We have two disks 15Tb each. We use Proxmox as cluster with multuple nodes, 4 nodes now active.
One is LVM - pure, no volume-chains, no other tricks, not using snapshots on it. No issues.
Another one is starlvm - for dev VMs where we need to use snapshot functionality. This is the problematic one.
For development purposes we need to use snapshots as a tool to roll-back VM changes fast and reliably.
But sometimes, randomly, during snapshot revert procedure some VMs are losing disks:
Code:
unsupported storage of vg 'star_vg_fc_san_3738'
activating vm-13472-disk-0...
deactivating vm-13472-disk-0...
Use of uninitialized value in string ne at /usr/share/perl5/PVE/Storage/Custom/StarLvmPlugin.pm line 481.

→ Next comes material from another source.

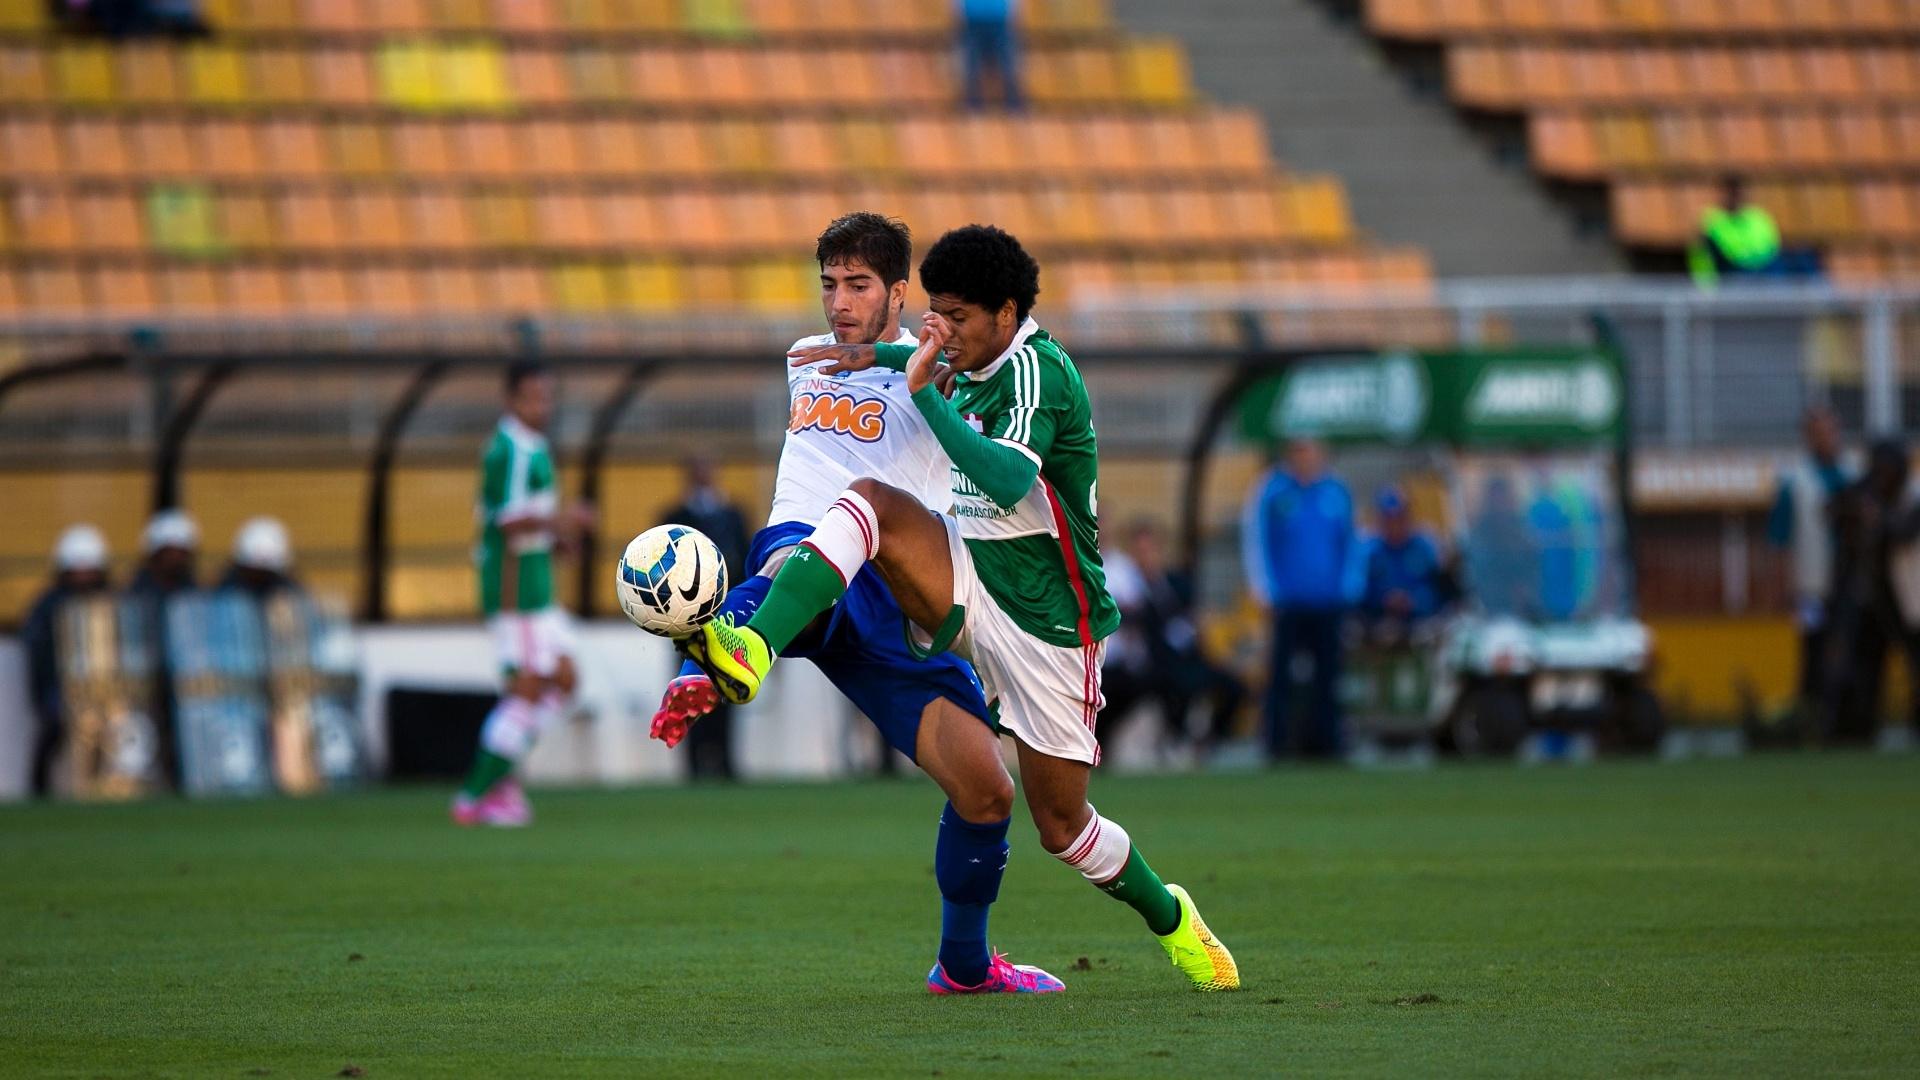 Leandro tenta vencer marcação do Cruzeiro na velocidade durante jogo pelo Brasileiro no Pacaembu
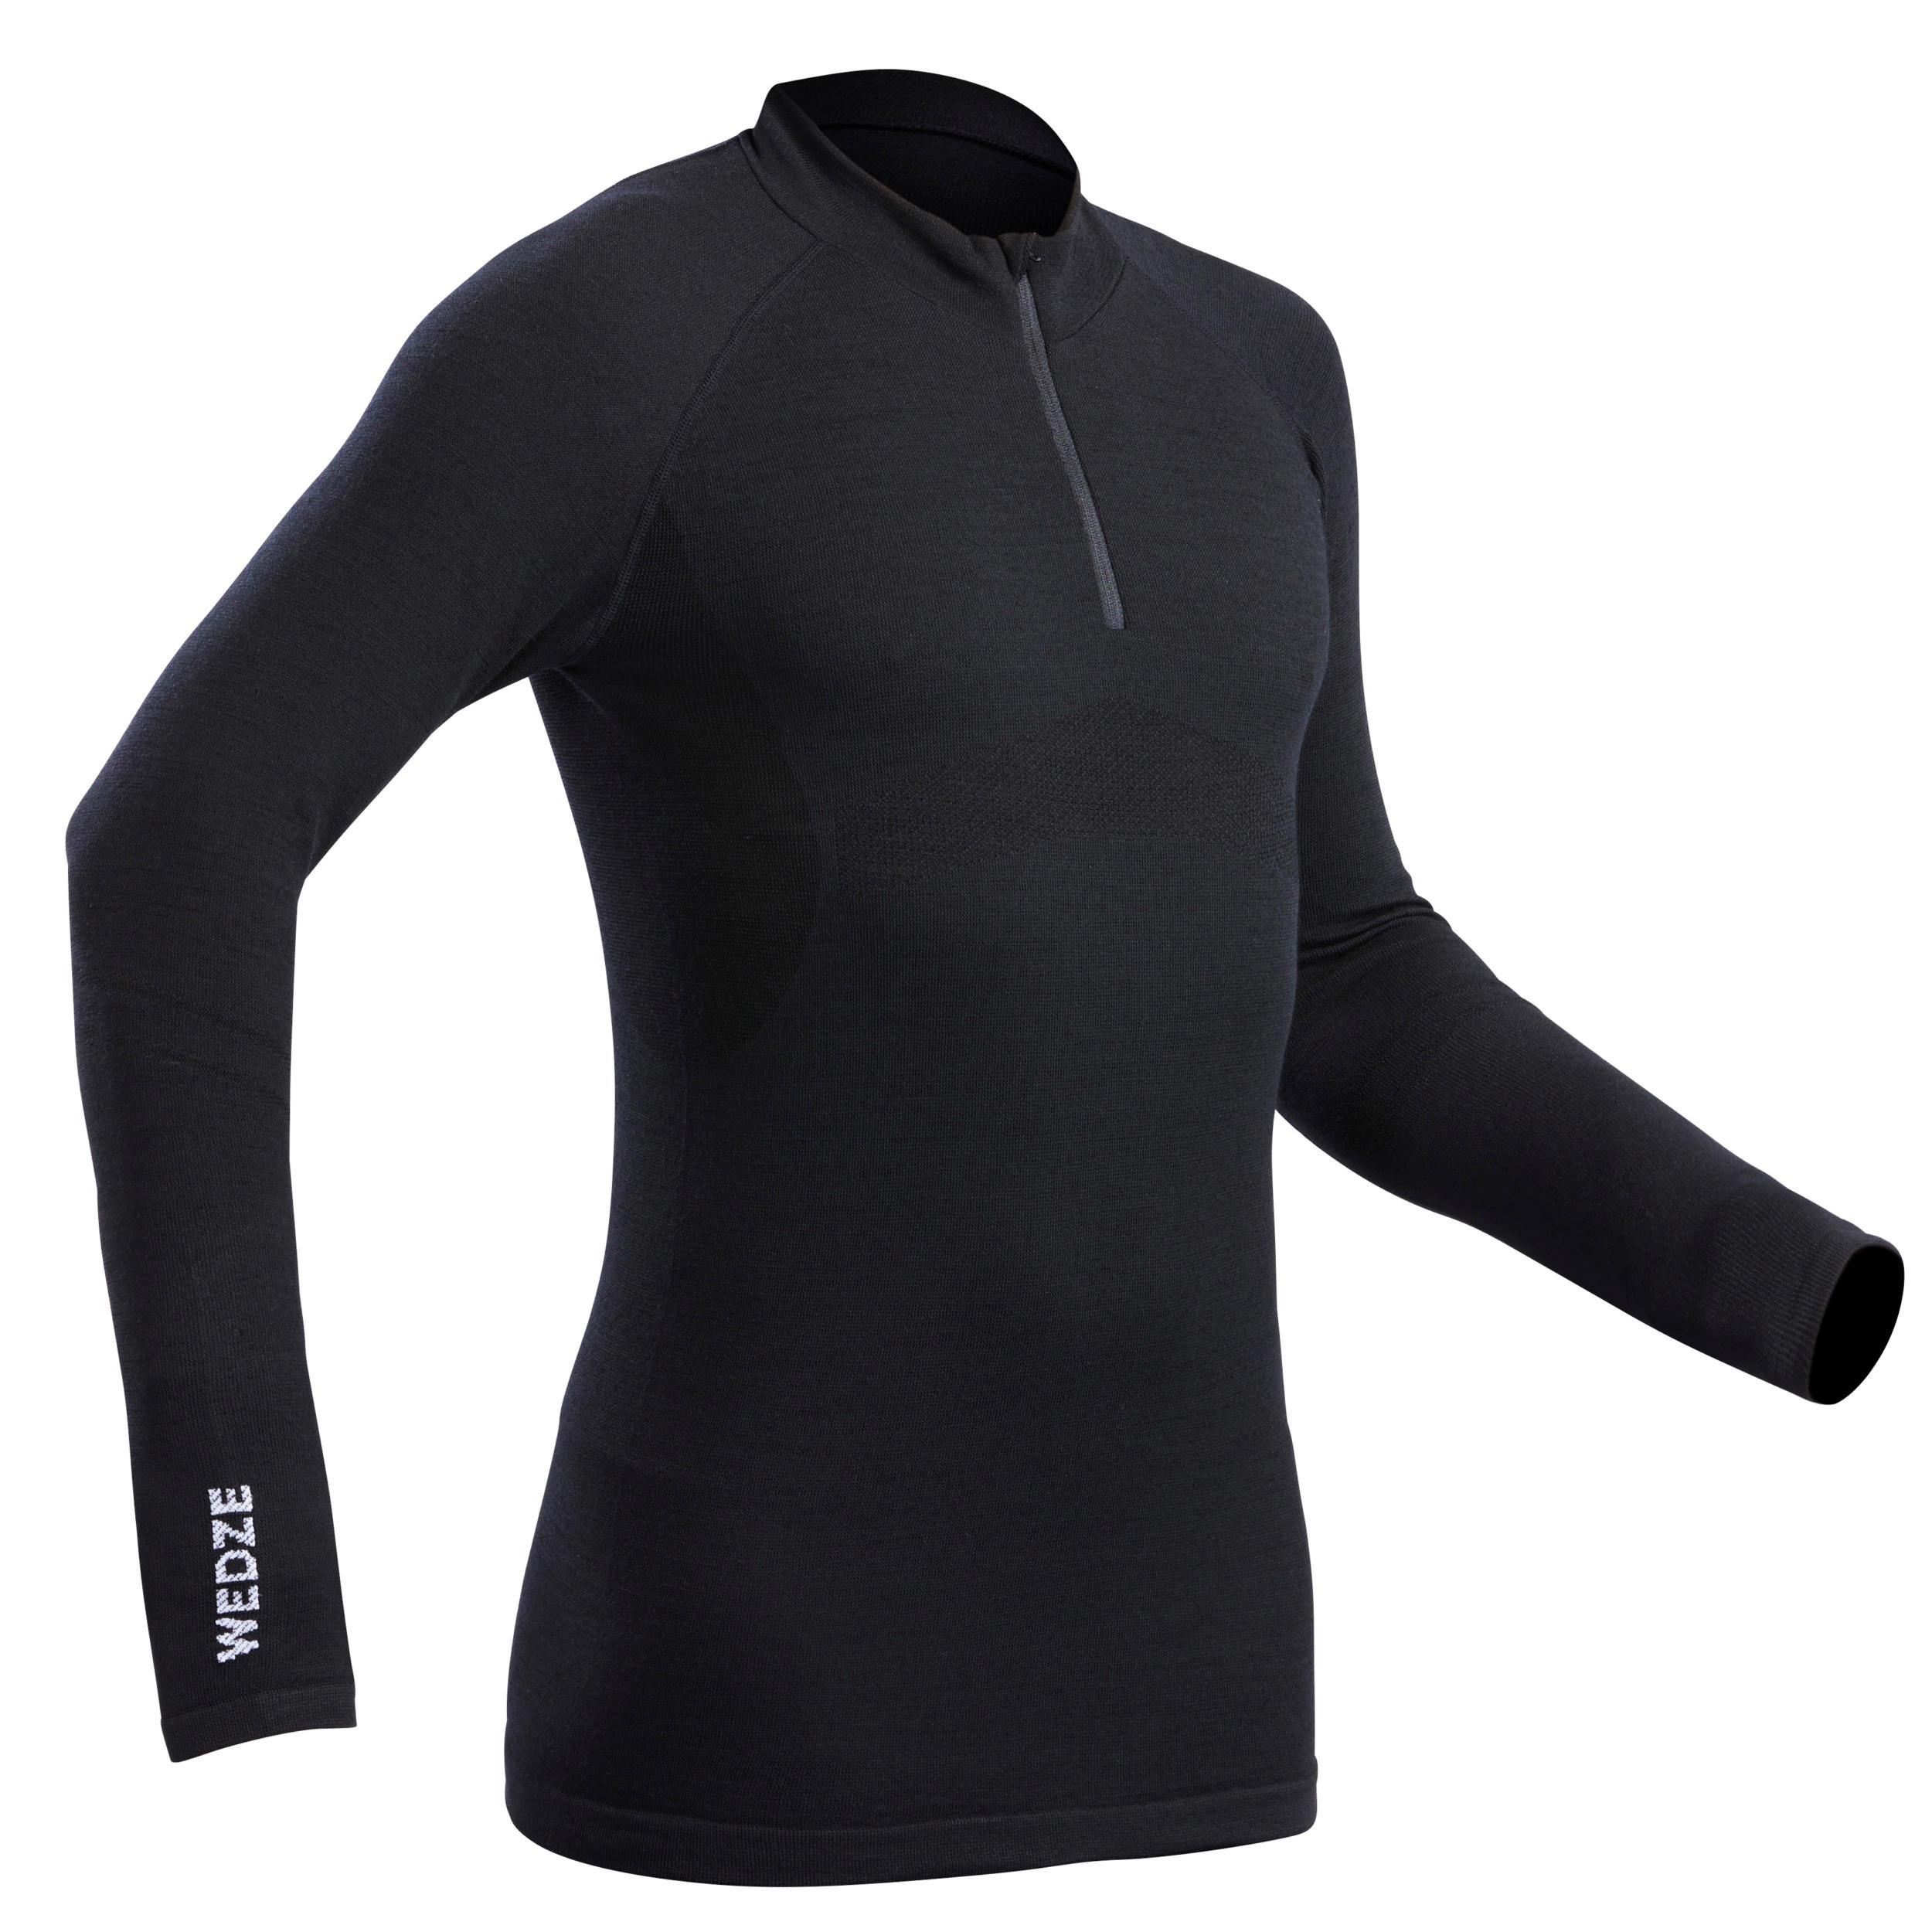 profiter de la livraison gratuite plusieurs couleurs styles de mode Sous vetement de ski thermique | DECATHLON

TASK ERROR: no such logical volume star_vg_fc_san_3738/vm-13472-disk-0
To make things consistent the snapshot reverting procedure is following:
- shutdown VM (gracefully)
- get list of snapshots
- revert to the latest snapshot (have no parent)
- start VM
I'm running this routine sequentially for each VM group(6 VMs in a group), but there are multiple VM groups at the cluster (alpha, beta, each with 6 VMs in it), and sometimes they might execute this routine for different VMs in parallel. I'm using some randomization and time shift to run snapshot and power-related tasks as random as possible. I'm not sure if this may be the cause, but it's maybe worth mentioning.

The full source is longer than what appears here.